The current tax system violates key principles of neutrality in two significant ways: it discriminates between different forms of employee compensation and between saving and consumption. Section 79 of the Internal Revenue Code exempts premiums paid by employers for the first $50,000 of life insurance coverage from employees’ taxable income. This exemption not only distorts employee compensation neutrality but also introduces a second layer of tax exemption on saving through life insurance.
The Issue with Current Tax Treatment
Life insurance serves as a form of saving where premiums are “invested” upfront, and benefits are paid out tax-free to beneficiaries upon death. Ideally, a neutral tax system would tax this saving only once – either at the time of investment or when benefits are paid out. Currently, death benefits are tax-free, and premiums for coverage up to $50,000 are also exempt from taxation, creating a double tax exemption. For coverage exceeding $50,000, employers report imputed income on employees’ W-2 forms based on IRS tables, not actual premiums or actuarial costs. This can lead to over-taxing or under-taxing due to the misalignment between imputed and actual costs.
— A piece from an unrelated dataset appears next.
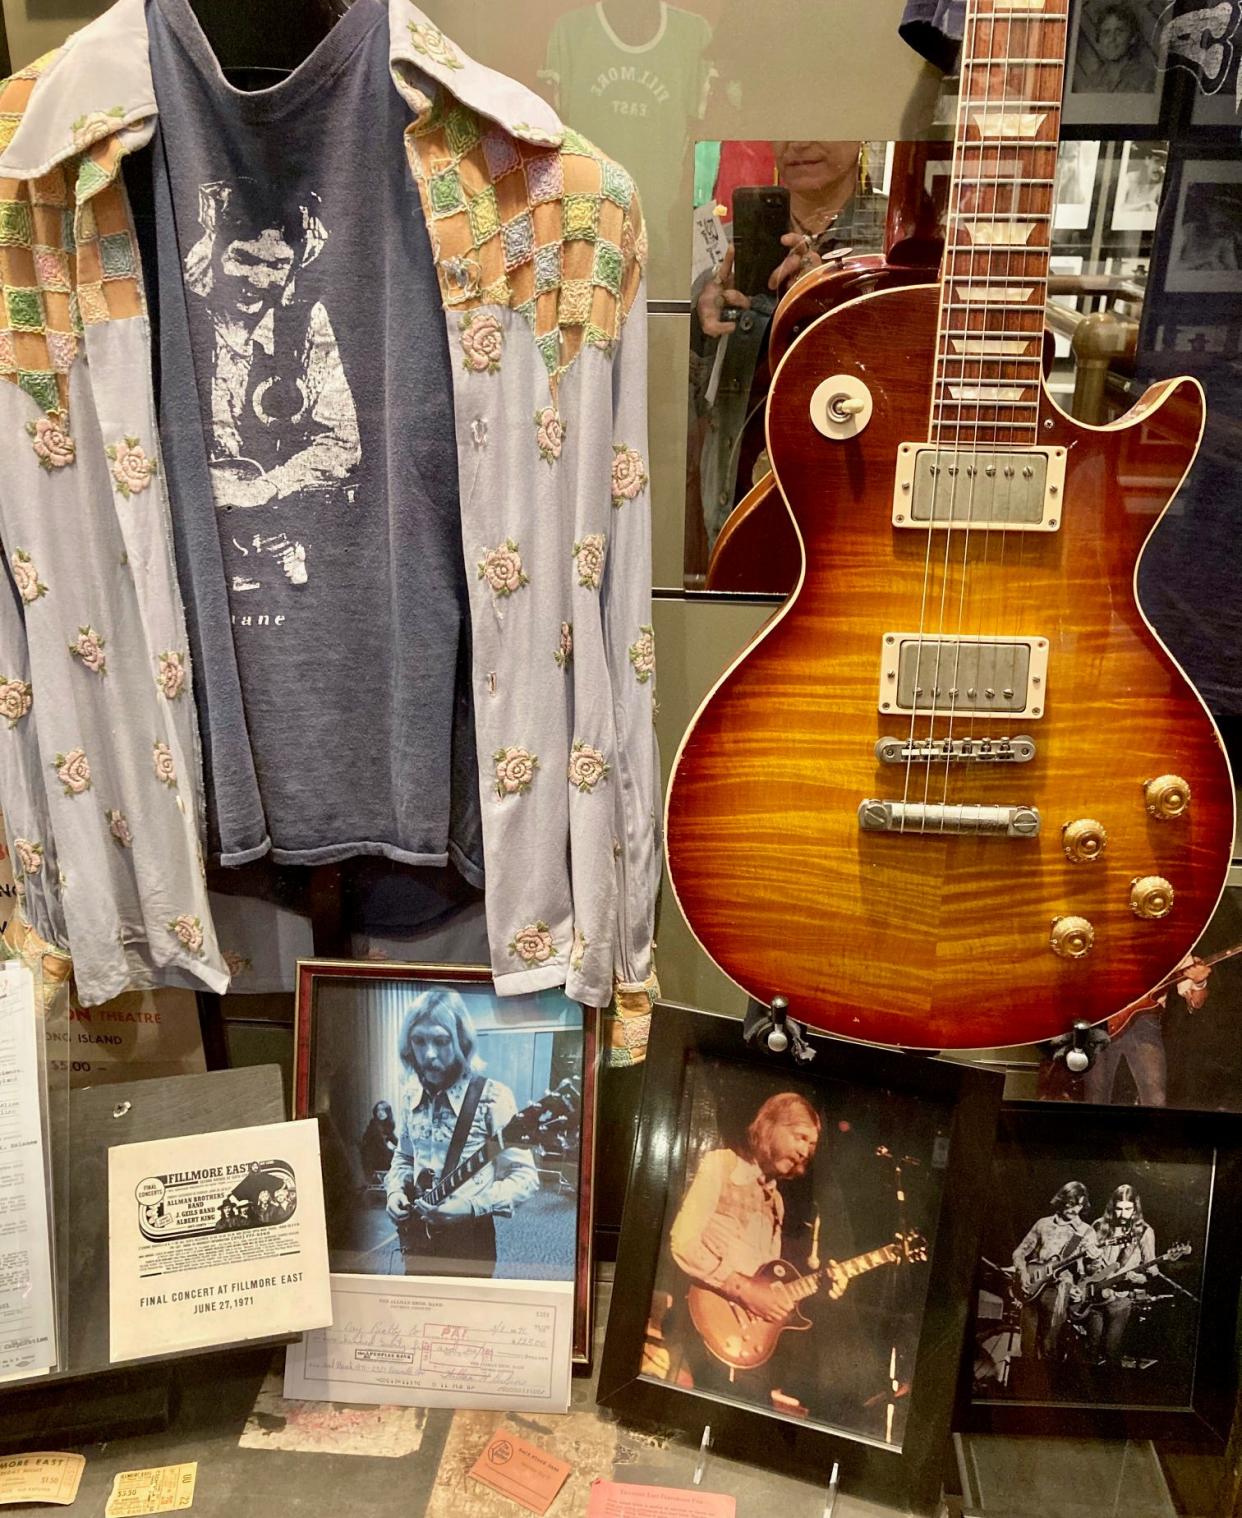 Duane Allman's iconic Western-style shirt alongside his fabled Gibson Les Paul.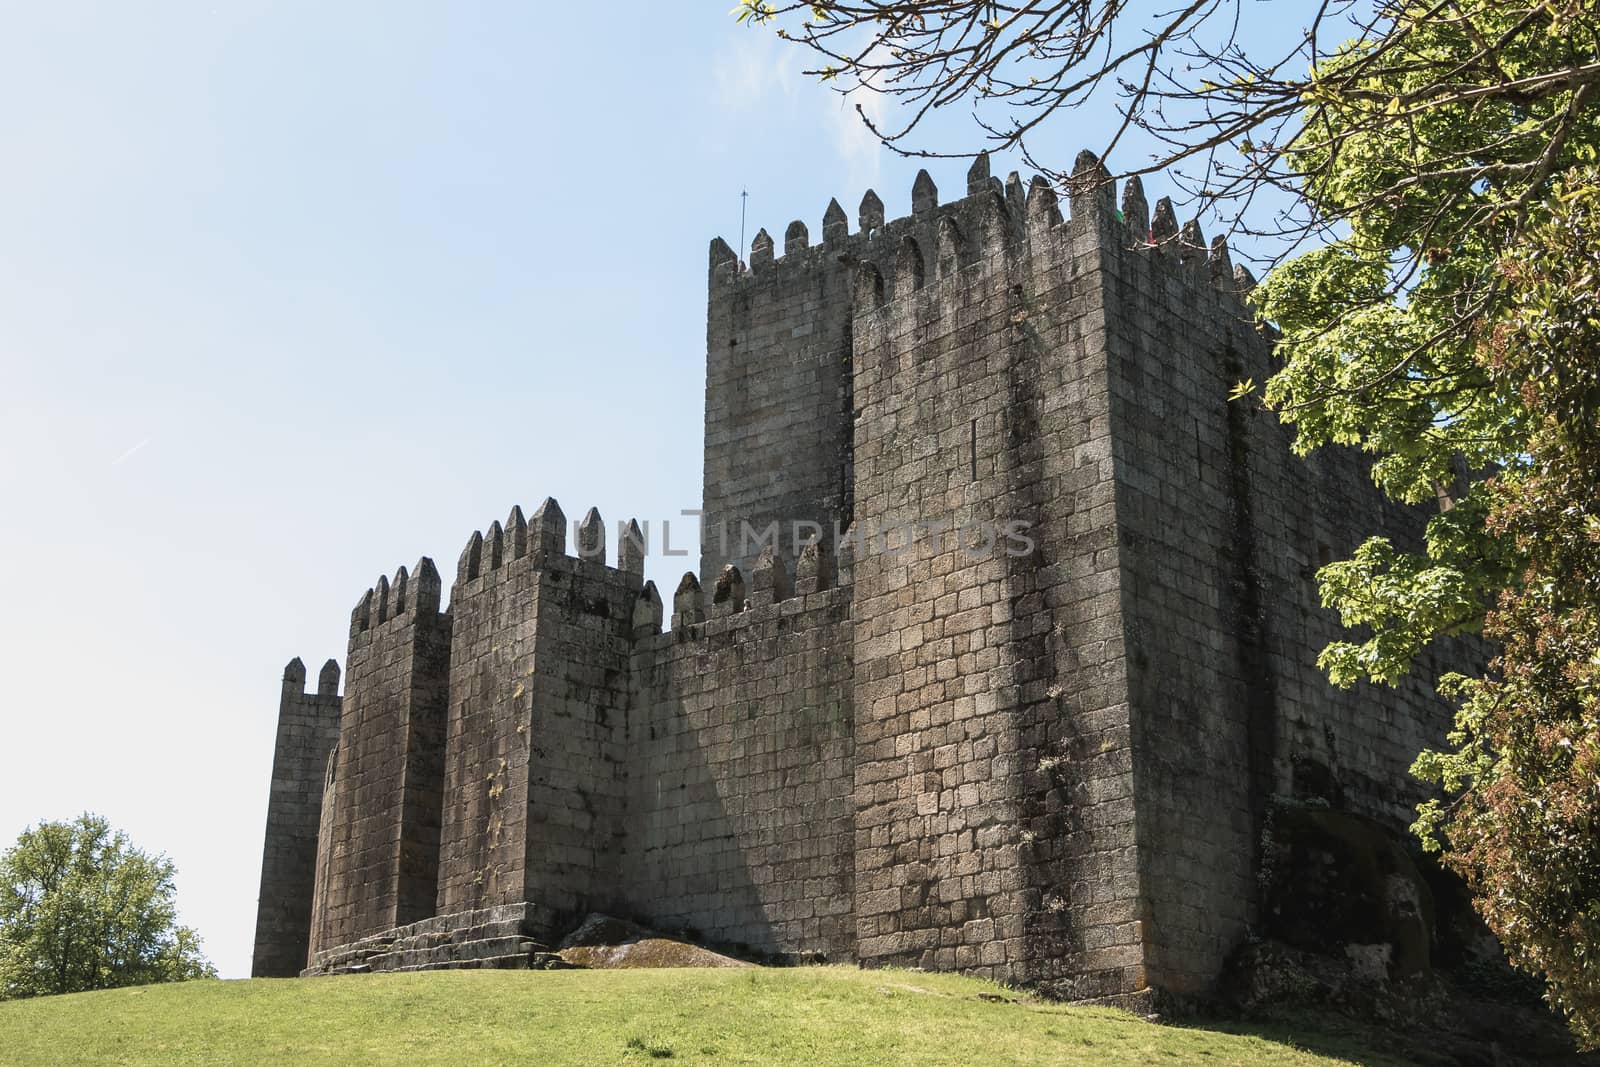 Guimaraes, Portugal - May 10, 2018: Architectural detail of the Guimaraes Castle that tourists visit on a spring day. Medieval castle inhabited by the King of Portugal Alphonse I

Consequences of the Tax Exclusion
The tax exclusion disproportionately benefits higher-income taxpayers due to the progressive income tax structure. For instance, a taxpayer in the top marginal tax rate of 37% saves $37 in taxes for every $100 of excluded coverage, while a lower-income individual in the 10% bracket saves only $10. The Treasury Department estimates that maintaining this exclusion will cost nearly $45 billion over the next decade.
Proposed Solution
To improve tax neutrality and raise revenue, policymakers should repeal the exclusion for employer-provided group-term life insurance premiums and the associated imputed income rules. Ideally, the full value of premiums should be included in taxable income, reflecting the actual cost of insurance. This reform would contribute to a more equitable tax system while generating additional revenue.
By addressing these tax exclusions, Congress can move toward a more balanced and efficient tax code that supports both fiscal responsibility and economic growth.